Contemplative correspondence is a particular spiritual practice of writing first developed in a congregational setting as an invitation to members to reflect on the monthly worship themes. It has since been enjoyed in a wide variety of groups, communities and workplaces and also by individuals, all discovering a contemplative writing practice that equips them for paying attention to their own lives and connecting their experience to a wider view, to larger meaning and to others.
Rooted in the wisdom teachings of world religions, contemplative correspondence makes use of poetry, story, images, objects, history and science as food for thought and reflection on a particular word or theme. Participants’ writing is drawn to the surface by questions, prompts, and ellipses as they fill their own pages in a correspondence with their own soul or inner truth. When practiced in small groups, it also invites participants into rich conversations and new relationships with one another.
Karen Hering’s book, Writing to Wake the Soul describes the practice in detail and provides 60 reflections on 10 themes that can be used in this kind of writing, in groups or as individuals. As Karen explains in the book, the practice can be engaged by people of different faiths and world views:
Like prayer, this practice is doctrinally neutral. It claims no allegiance to a specific faith or even to a particular position on the theological spectrum, insisting only that life holds more than meets the eye and that spiritual practices can help connect us to that more. It can be used by the theist, agnostic, and atheist alike.
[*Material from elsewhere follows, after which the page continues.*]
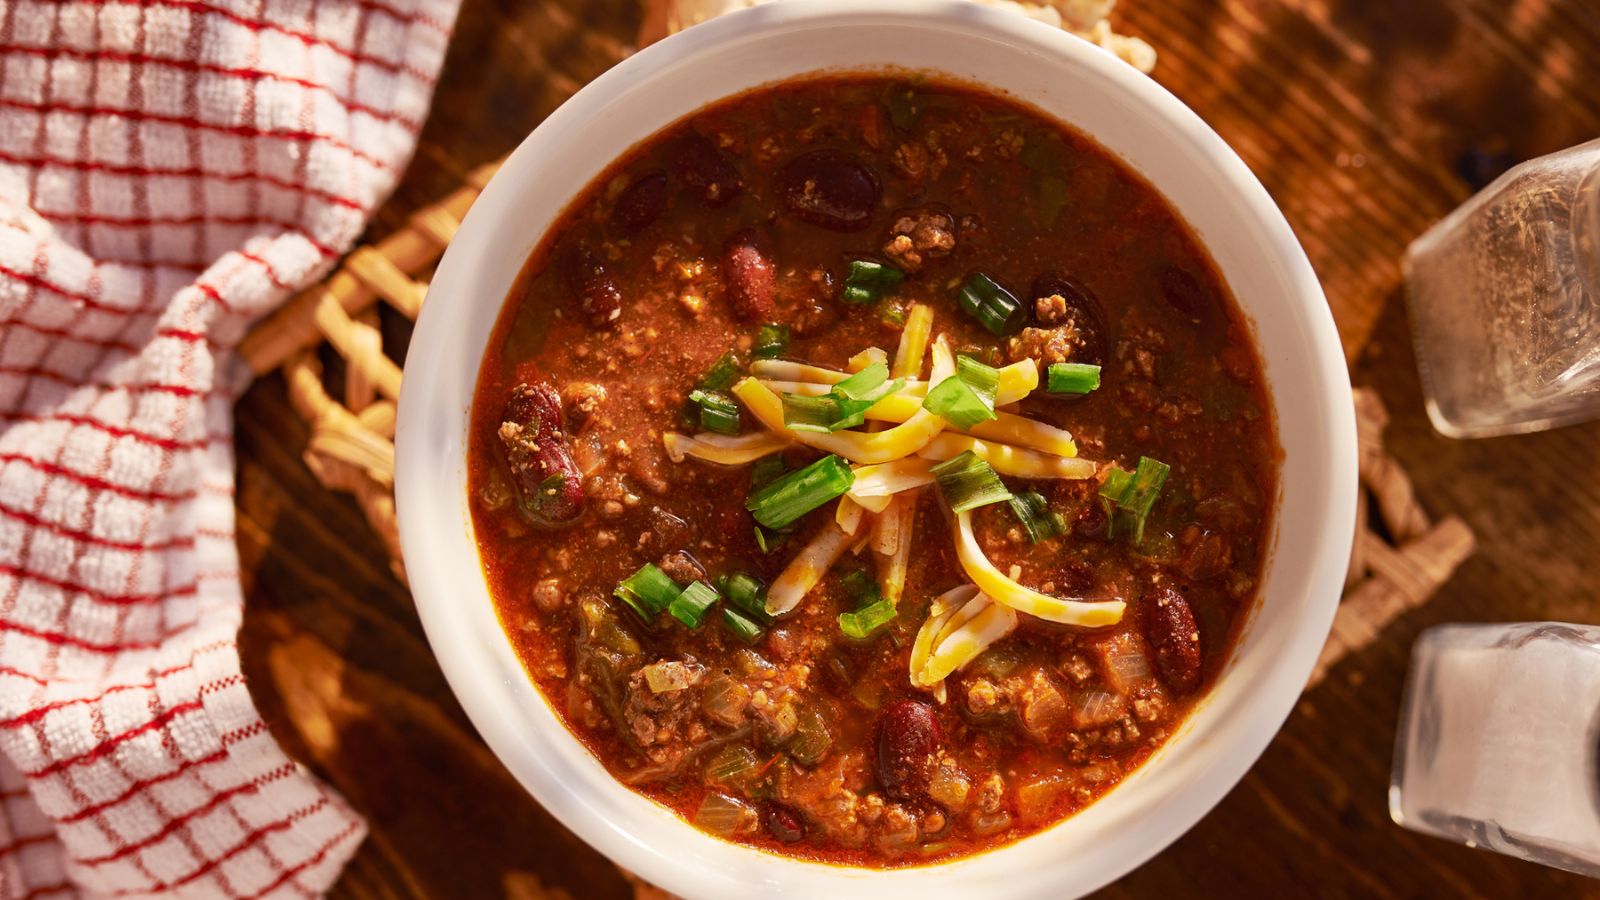 Cook Up a Storm Today with These 20 Chili Recipes

Some say this kind of writing is the most basic work of creating meaning—a human effort of ordering the chaotic nature of our experience. Others say it’s a matter of opening oneself to revelation and to meaning already embedded in the world, whether it’s been placed there by nature and evolution, by a holy Creator, or by some combination of these working together. From any perspective, this spiritual practice of writing can be described as our creative participation in a universe still unfolding.
To discover the practice of contemplative correspondence, you can attend one of Karen’s guided writing sessions, pick up a copy of Writing to Wake the Soul, or try one of the writing prompts on-line.
As one participant said, “It helped me name what matters. It made me feel better. It helped me think clearly.”